3-Monoiodothyronamine: the rationale for its action as an endogenous adrenergic-blocking neuromodulator

Abstract

The investigations reported here were designed to gain insights into the role of 3-monoiodothyronamine (T1AM) in the brain, where the amine was originally identified and characterized. Extensive deiodinase studies indicated that T1AM was derived from the T4 metabolite, reverse triiodothyronine (revT3), while functional studies provided well-confirmed evidence that T1AM has strong adrenergic-blocking effects. Because a state of adrenergic overactivity prevails when triiodothyronine (T3) concentrations become excessive, the possibility that T3's metabolic partner, revT3, might give rise to an antagonist of those T3 actions was thought to be reasonable. All T1AM studies thus far have required use of pharmacological doses. Therefore we considered that choosing a physiological site of action was a priority and focused on the locus coeruleus (LC), the major noradrenergic control center in the brain. Site-directed injections of T1AM into the LC elicited a significant, dose-dependent neuronal firing rate change in a subset of adrenergic neurons with an EC(50)=2.7 microM, a dose well within the physiological range. Further evidence for its physiological actions came from autoradiographic images obtained following intravenous carrier-free (125)I-labeled T1AM injection. These showed that the amine bound with high affinity to the LC and to other selected brain nuclei, each of which is both an LC target and a known T3 binding site. This new evidence points to a physiological role for T1AM as an endogenous adrenergic-blocking neuromodulator in the central noradrenergic system.

Figure 1

LC neurons are activated by local microinfusion of T1AM in the anesthetized rat.

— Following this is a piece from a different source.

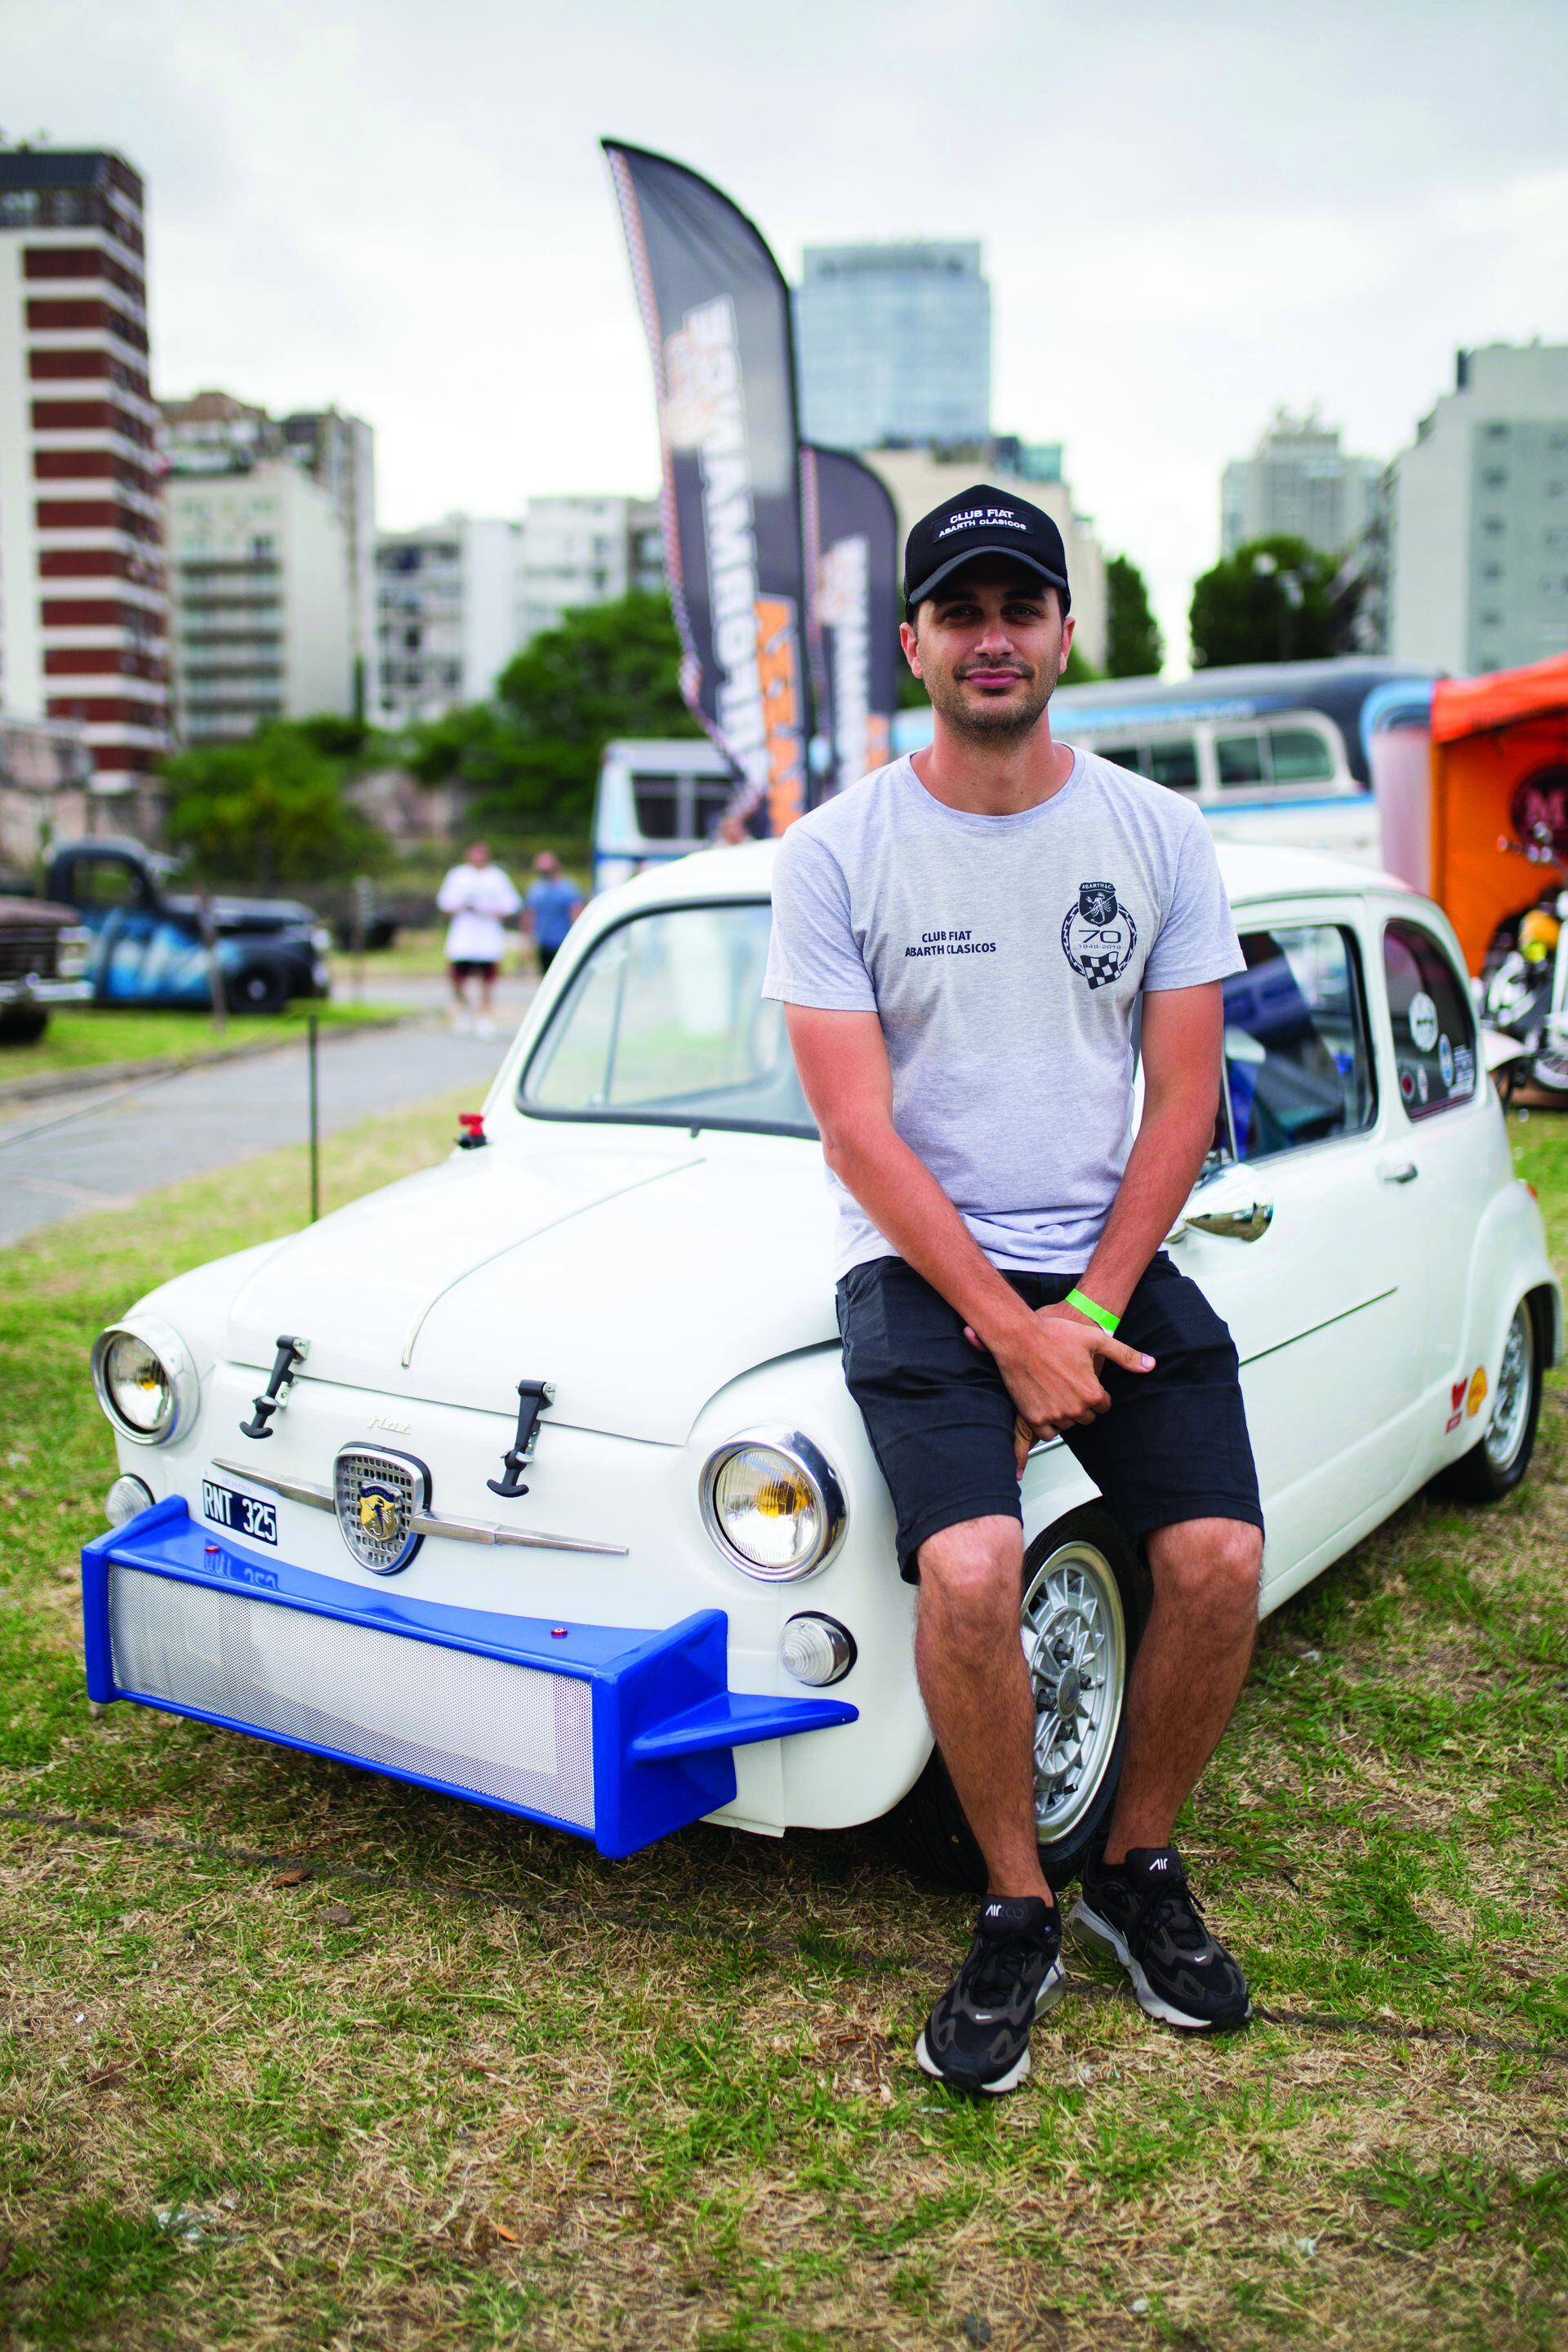 Lucas (36) Es de Villa Urquiza. ¿Qué auto tenés? “Fiat 600 modelo 72. Es la réplica de un modelo de carrera del año 65. Es un auto con mucha nostalgia, a la gente le encanta”.

Raw traces of activity in an LC neuron before (A) and during (B) microinfusion of 3 μM T1AM from a micropipette adjacent to the recording pipette. C: Composite firing frequencies of LC neural responses to local microinfusion of 3 μM T1AM. Most of the neurons exhibited increased firing frequencies during T1AM microinfusion, though two neurons did not.

Figure 2

Dose-response curve of the magnitude of change in firing frequency during T1AM microinfusion expressed as the average percentage change in impulse activity (± standard error). Increasing doses strongly increased impulse activity in a majority of LC neurons tested (0.1 μM, n = 7; 1 μM, n = 4; 10 μM, n = 3; 100 μM, n = 4). The dose-response relationship suggests T1AM is a high-affinity excitatory agonist of LC neurons.

Figure 3

Autoradiographic and histological images from an animal administered [¹²⁵I]-T1AM three hours prior to decapitation. The autoradiographic image (a) was lined up with the hemotoxylin-eosin stained section (b) for structure identification, such that the yellow arrows in (a) and (b) point to the same brain region. Enlargement of the region outlined by the black box on the left of panel (b) is shown in panel (c), and enlargement of the right hand box is shown in panel (d). The yellow arrows in panels (a) and (b) point to the locus coeruleus. The scale bar in (a) is 1.0 mm and applies to (a) and (b), and the scale bar in (c) is 0.1 mm and applies to (c) and (d).

Figure 4

Autoradiographic images from an animal administered [^125I]-T1AM three hours prior to decapitation. There is enhanced labeling in the cingulate cortex and motor cortex (a) as well as in the retrosplenial cortex, paraventricular nucleus of the hypothalamus (PVH), and the supraoptic nucleus (SON), seen in (b). Both the medial (c) and lateral (d) mamillary nuclei show strong labeling, whereas that in the substantia nigra compacta is less pronounced (arrowhead, d); the cerebellar granule cell layer is more intensely labeled than the molecular layer e) and the pontine nuclei are prominent (f). Note that the most intense labeling is found throughout the ventricular system, as is always the case in animals receiving [¹²⁵I]-labeled compounds.